Peran ibu kota negara yang menciptakan pengaruh ideologi kekuasaan dan gaya hidup tak luput dari olok-olok satire penyair yang bermain-main dengan bahasa, dengan pilihan kata. Ia menyingkap kepalsuan-kepalsuan ideologi dan gaya hidup yang membawa alienasi itu dalam puisi ”Makassar adalah Jawaban, tetapi Apa Pertanyaannya?”: makassar tidak suka pergi ke konser musik/ makassar tidak suka mendengar seorang penyanyi dari Jakarta/ dengan pengeras suara, bertanya aga kareba makassar?/ & penonton bahagia/ meneriakkan kebohongan menggunakan bahasa ibu/ makassar tahu makassar tidak baik-baik saja//.
Ia memandang tak ada lagi oposisi biner ideologi kekuasaan dan gaya hidup. Ia bermain-main dengan bahasa untuk mengeskpresikan dunia yang berkedok, realitas yang penuh kepalsuan. Ia mengemas keterasingan dirinya terhadap realitas yang penuh kepalsuan itu dengan paradoks. Ia mengemas luka peradaban, luka zaman, luka hati nurani dan kemanusiaan.
Menciptakan simbol
Ketika berhadapan dengan kekuasaan, M Aan Mansyur tak lagi bermain-main dengan bahasa untuk mengekspresikan dunia yang berkedok, realitas yang penuh kepalsuan dan mencipta alienasi. Dalam puisi ”Kami Masuk Kantor DPR & Kami Hilang & Kami Belum Ditemukan”, ia membiarkan empat halaman kosong dalam lembaran hitam, tanpa kalimat, tanpa kata-kata. Ia mencipta simbol bahwa kekuasaan adalah ruang kosong hitam yang tak terpahami, dan tak bisa diungkapkan dalam bahasa komunikasi.
Inilah paradoks, simulakra, dan alienasi penyair yang paling kelam.
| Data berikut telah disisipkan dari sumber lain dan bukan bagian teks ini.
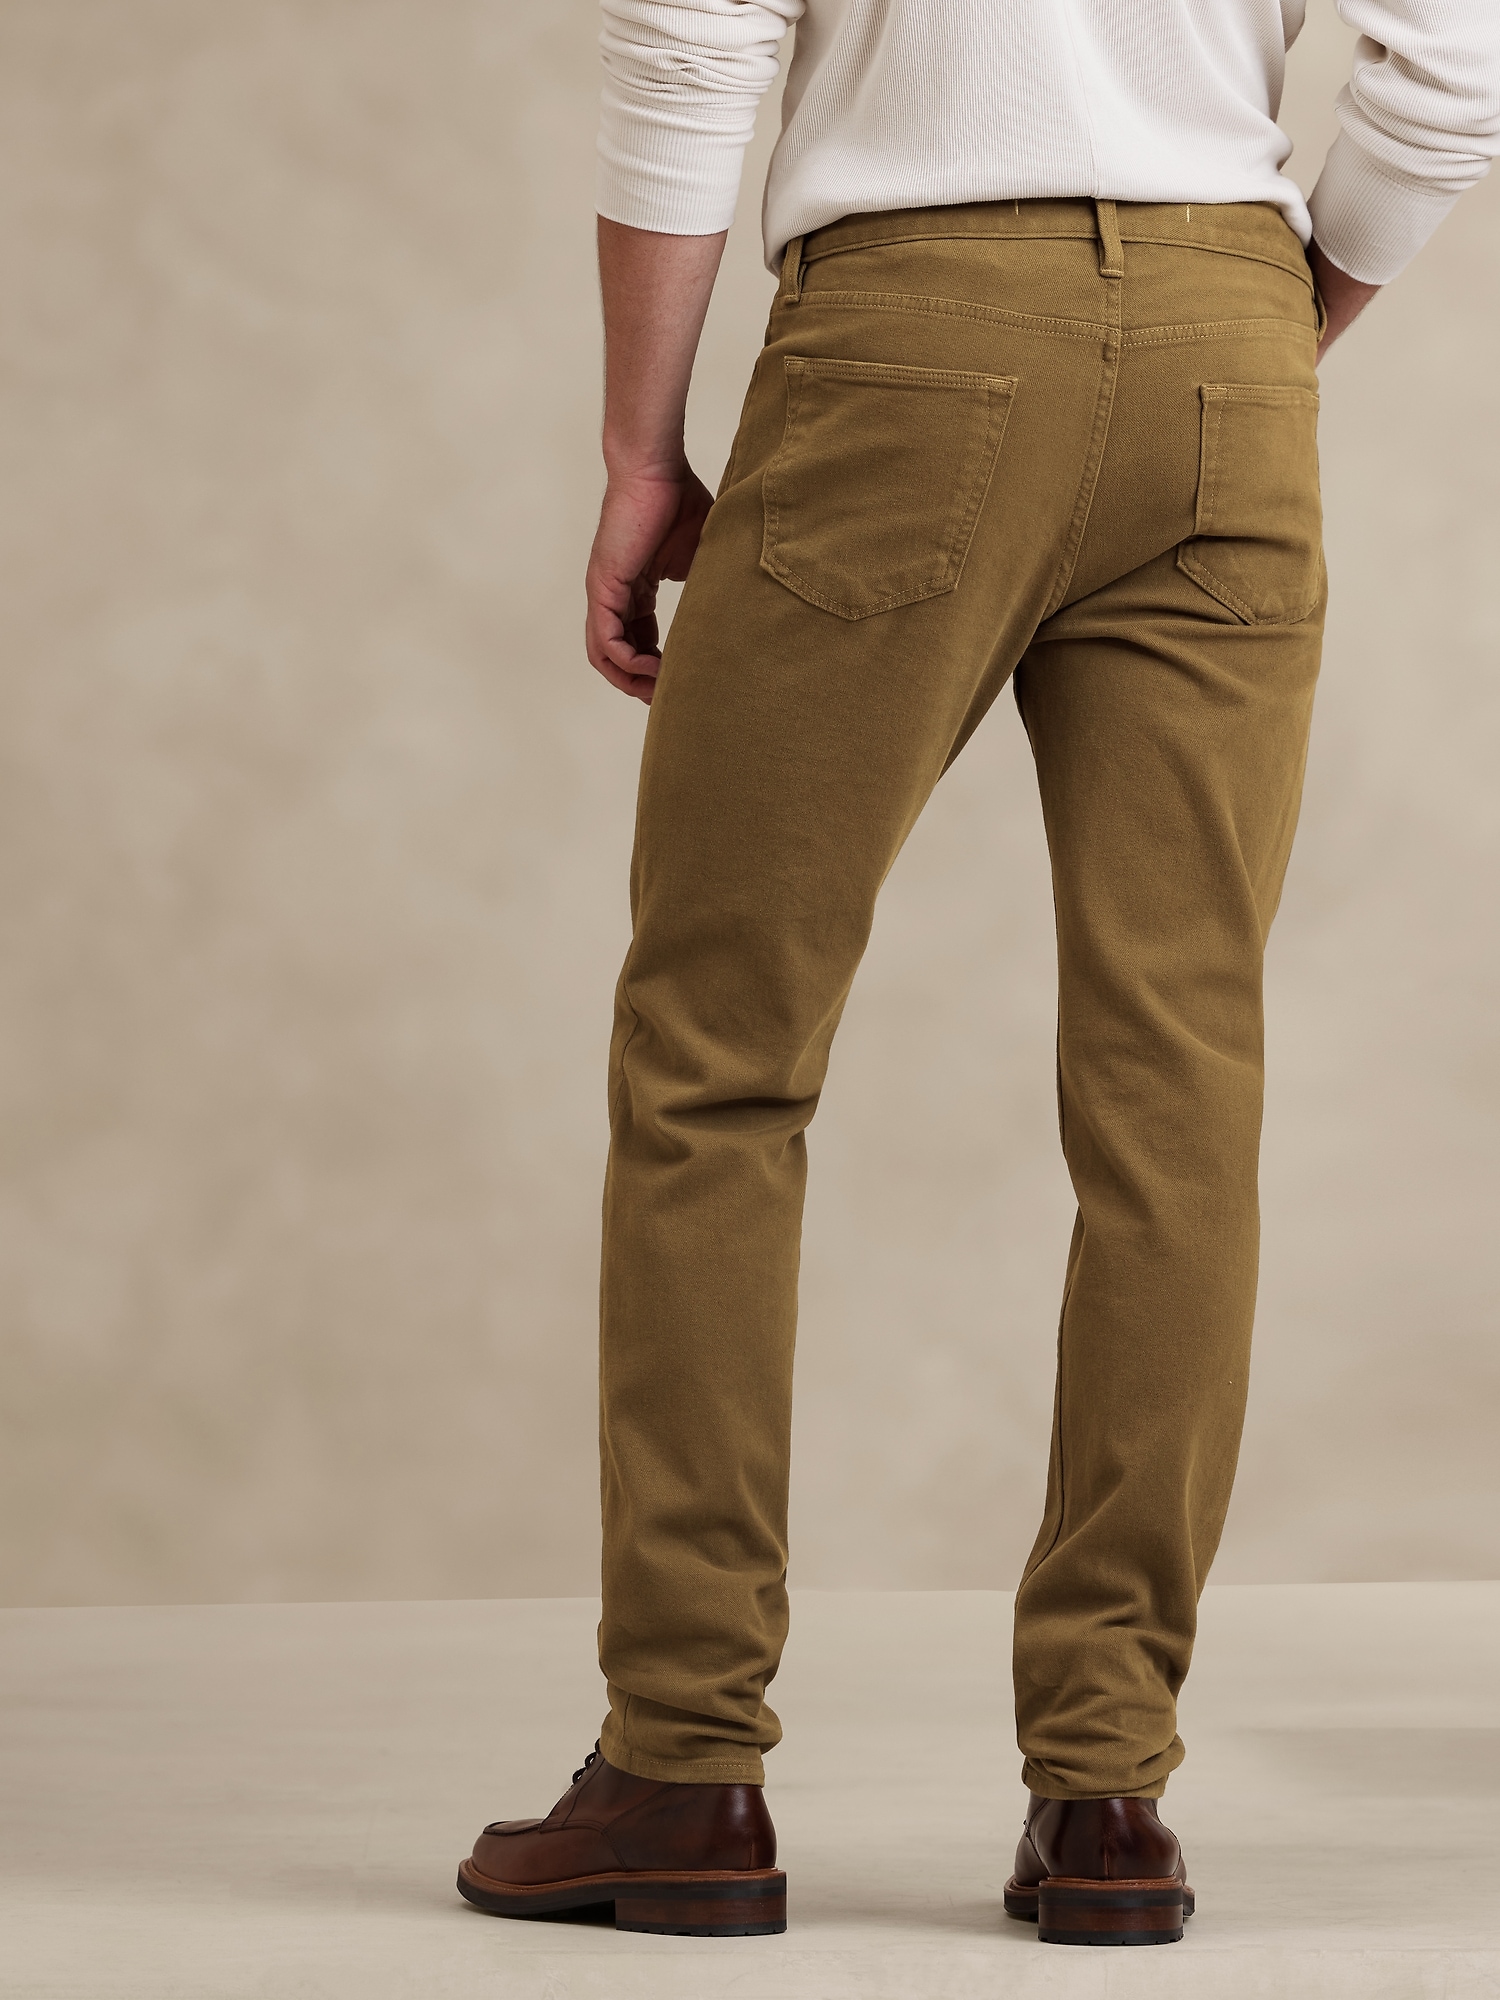 NEW!!! Banana Republic Men's 5 Pocket Slim Fit Pant & Size 32x30

Ia tak lagi mengekspresikan kelincahannya untuk bermain-main dengan bahasa. Ia telah terenggut dari ekspresi hati nurani, jati diri, dan eksistensi kemanusiaannya, ketika berhadapan dengan institusi kekuasaan.
Ketika berhadapan dengan kekuasaan, M Aan Mansyur tak lagi bermain-main dengan bahasa untuk mengekspresikan dunia yang berkedok, realitas yang penuh kepalsuan dan mencipta alienasi.
Seluruh puisi dalam buku ini mempertanyakan ketercabikan identitas manusia dari nilai-nilai, identitas, dan kebenaran. Penyair tidak takluk pada kenyataan kehidupan yang dibentuk menjadi apa pun yang diinginkan kekuatan ekonomi, politik, dan budaya. Ia mengolok-olok kita. Ia membangkitkan solilokui dalam setiap relung jiwa pembaca puisi-puisinya. Karena itu, saya menilai bahwa sudah semestinya ia menjadi sosok penyair mutakhir yang memperoleh dua penghargaan sastra sekaligus.
Sungguh asyik membaca buku kumpulan puisi ini. Kesan saya, penyair telah berproses dengan pencarian estetika dan pembebasan konvensi penciptaan puisi. Ia juga membebaskan diri dari logosentrisme kekuasaan dan hierarki yang melingkupinya.